> [MATERIAL PROVIDED]:
----------------
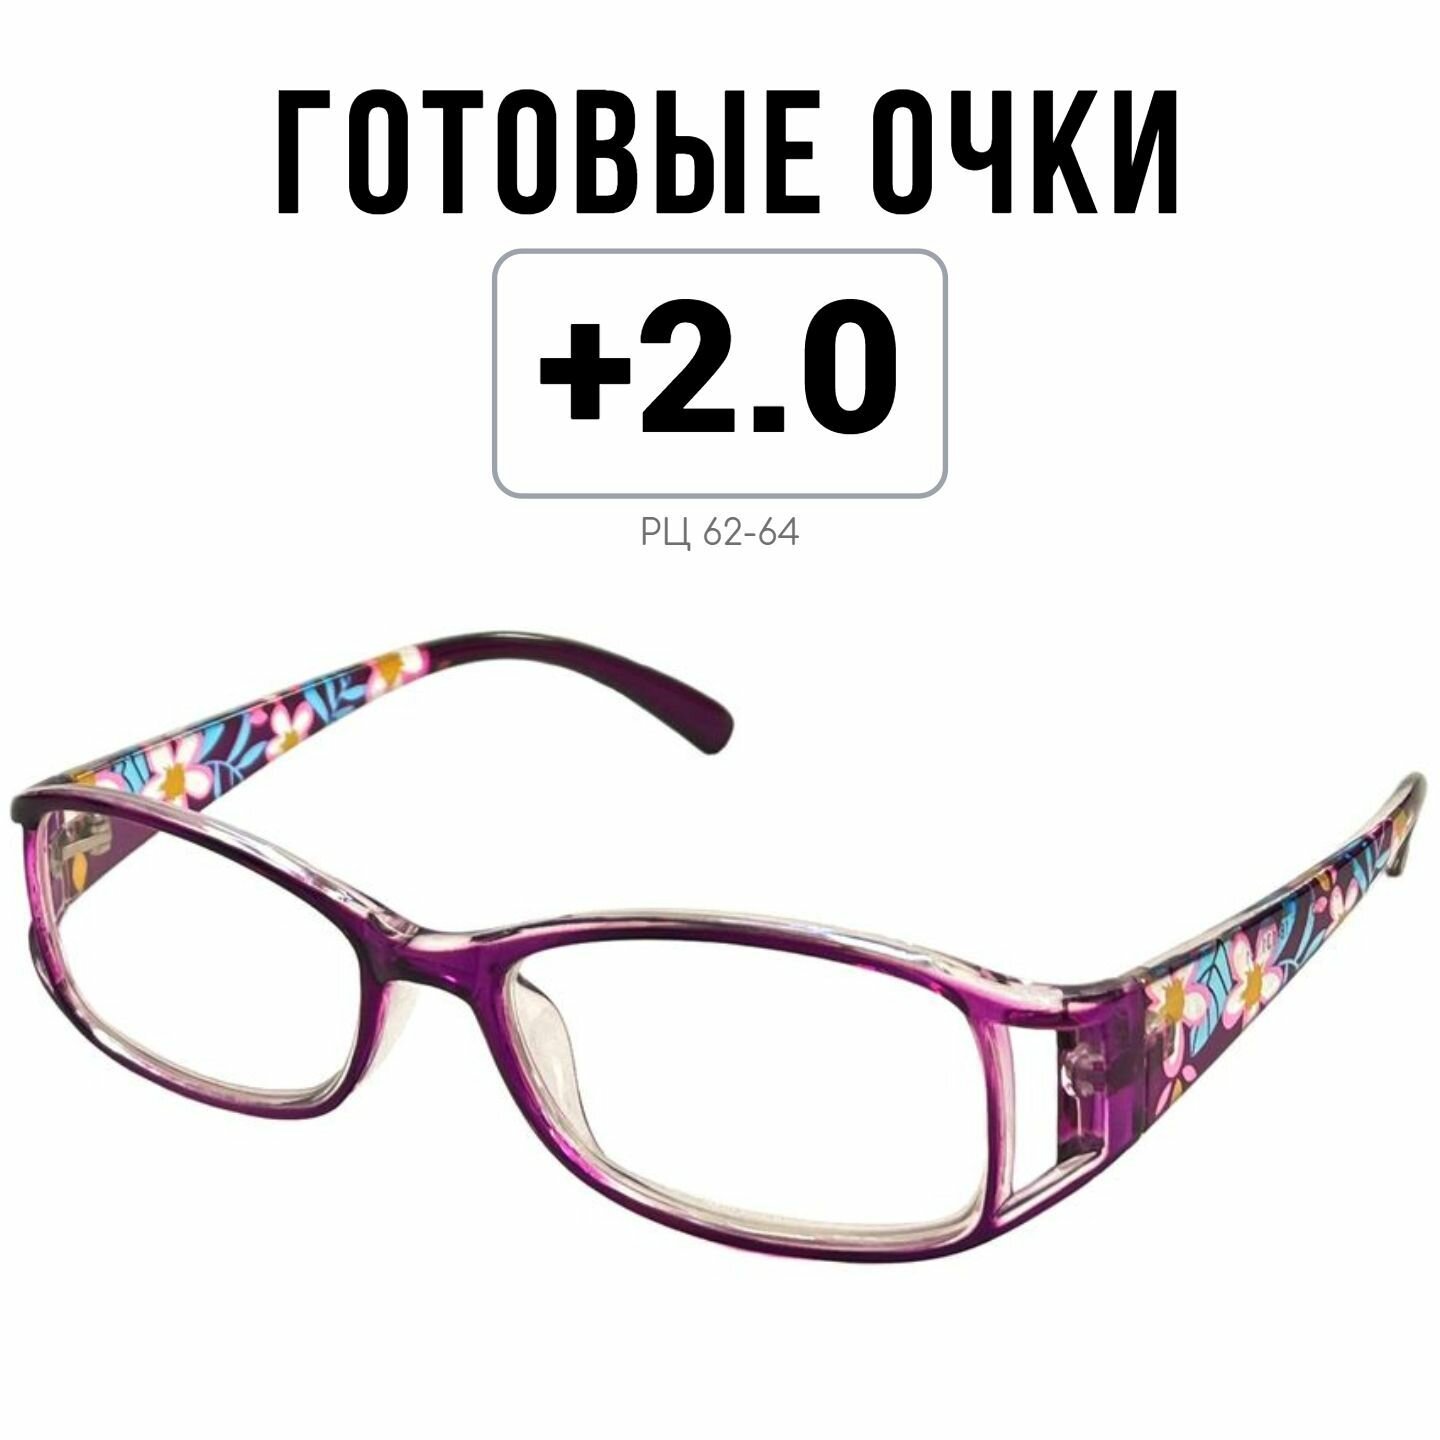 Готовые очки для зрения MOCT с диоптриями +2.0 женские корригирующие для чтения
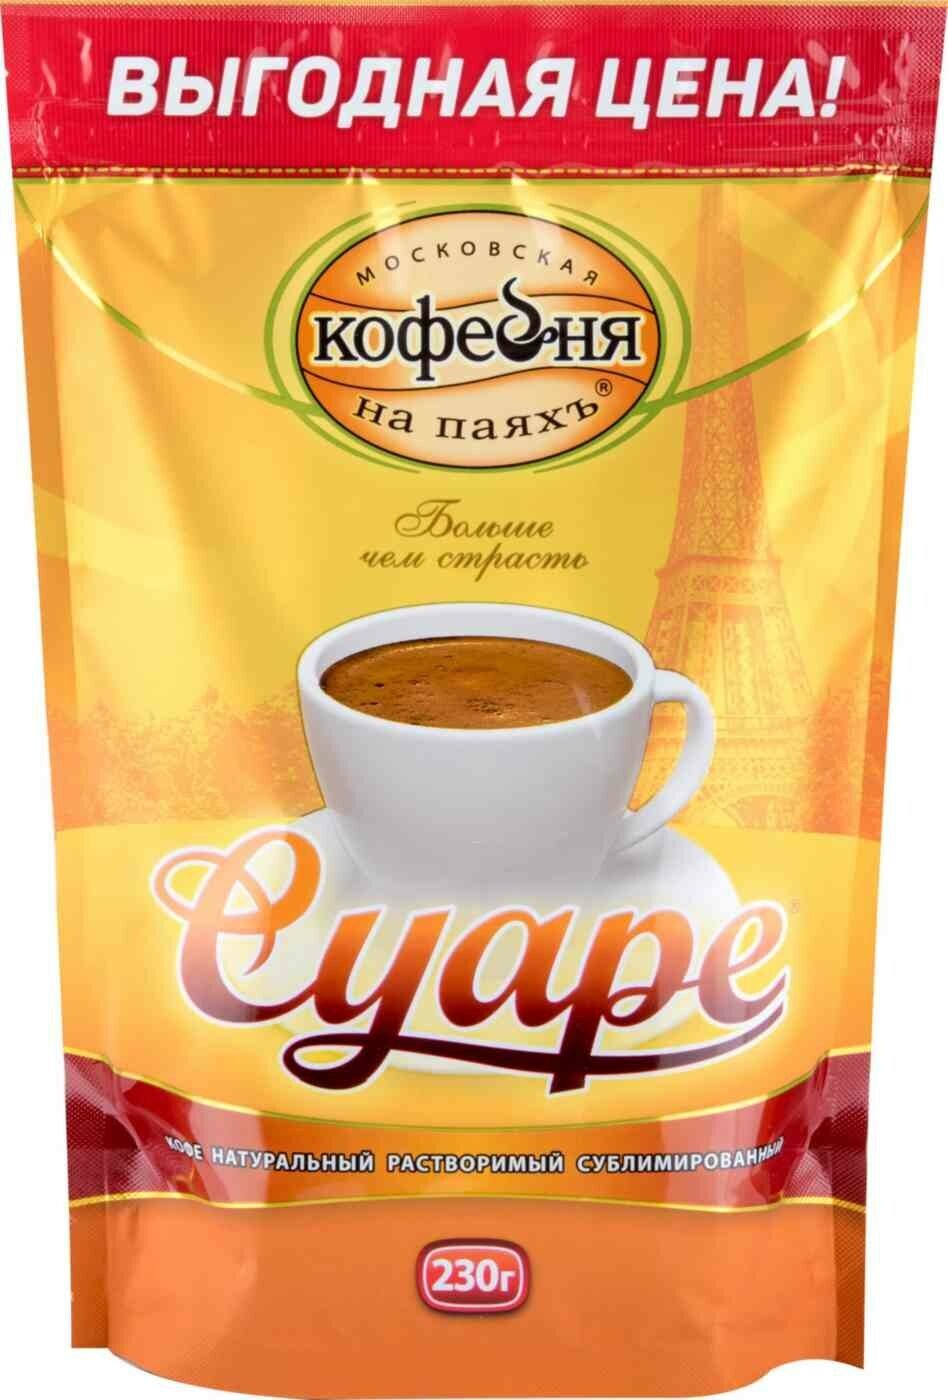 Кофе растворимый Московская кофейня на паяхъ Суаре
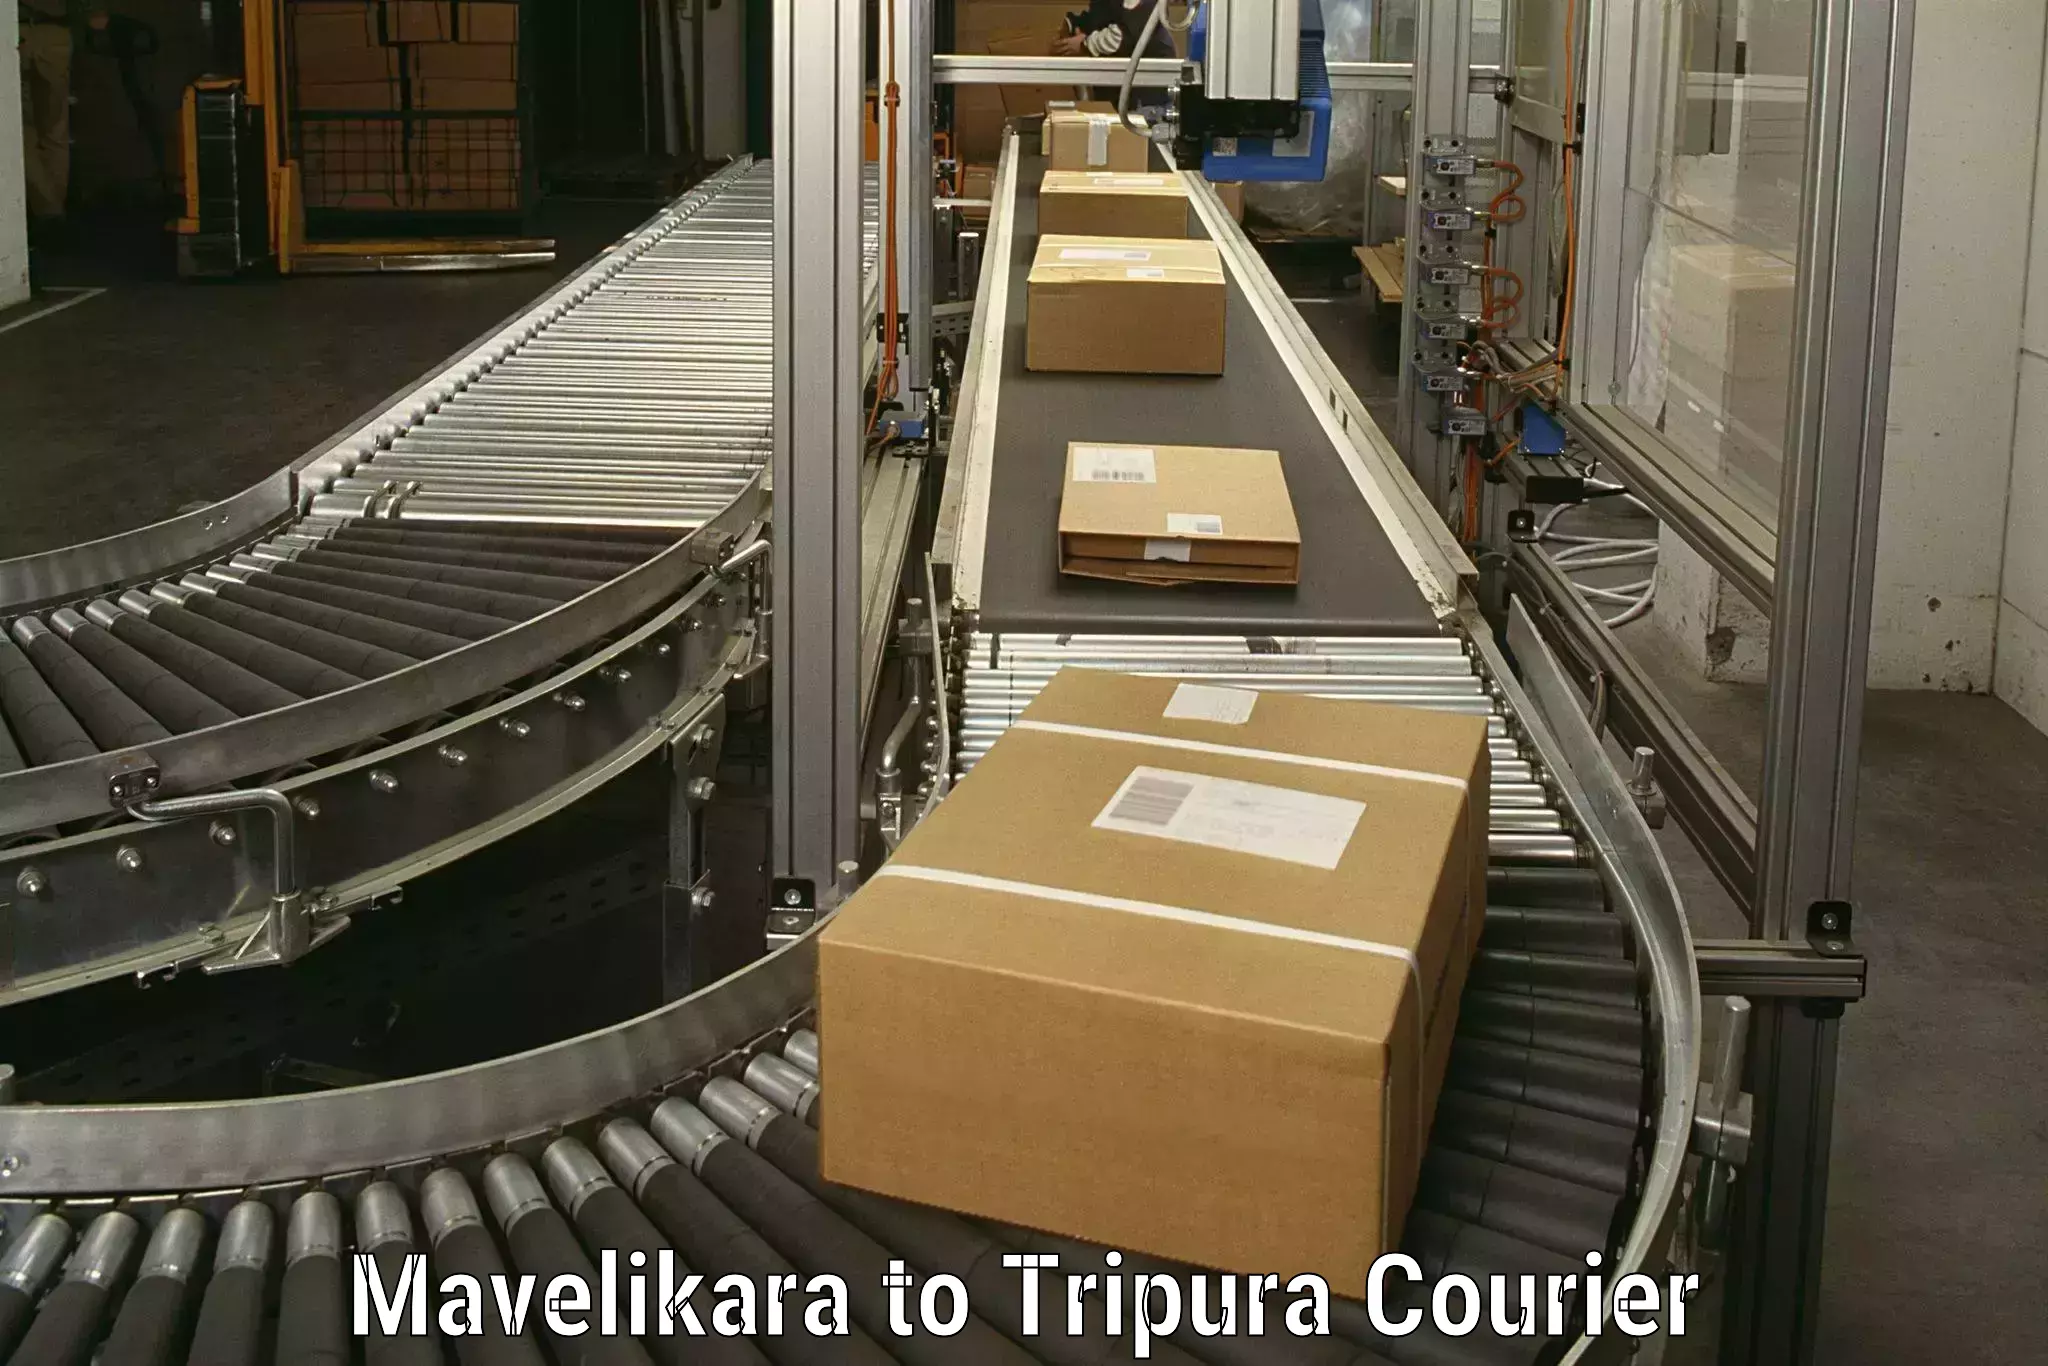 Trusted furniture movers Mavelikara to Udaipur Tripura
----------------
Leave the pictures aside and print exactly, and only, the lines from the one with "Кофе растворимый Московская" through the end of the data, both included.

> [ANSWER TO THIS TASK]:
 Кофе растворимый Московская кофейня на паяхъ Суаре
 Trusted furniture movers Mavelikara to Udaipur Tripura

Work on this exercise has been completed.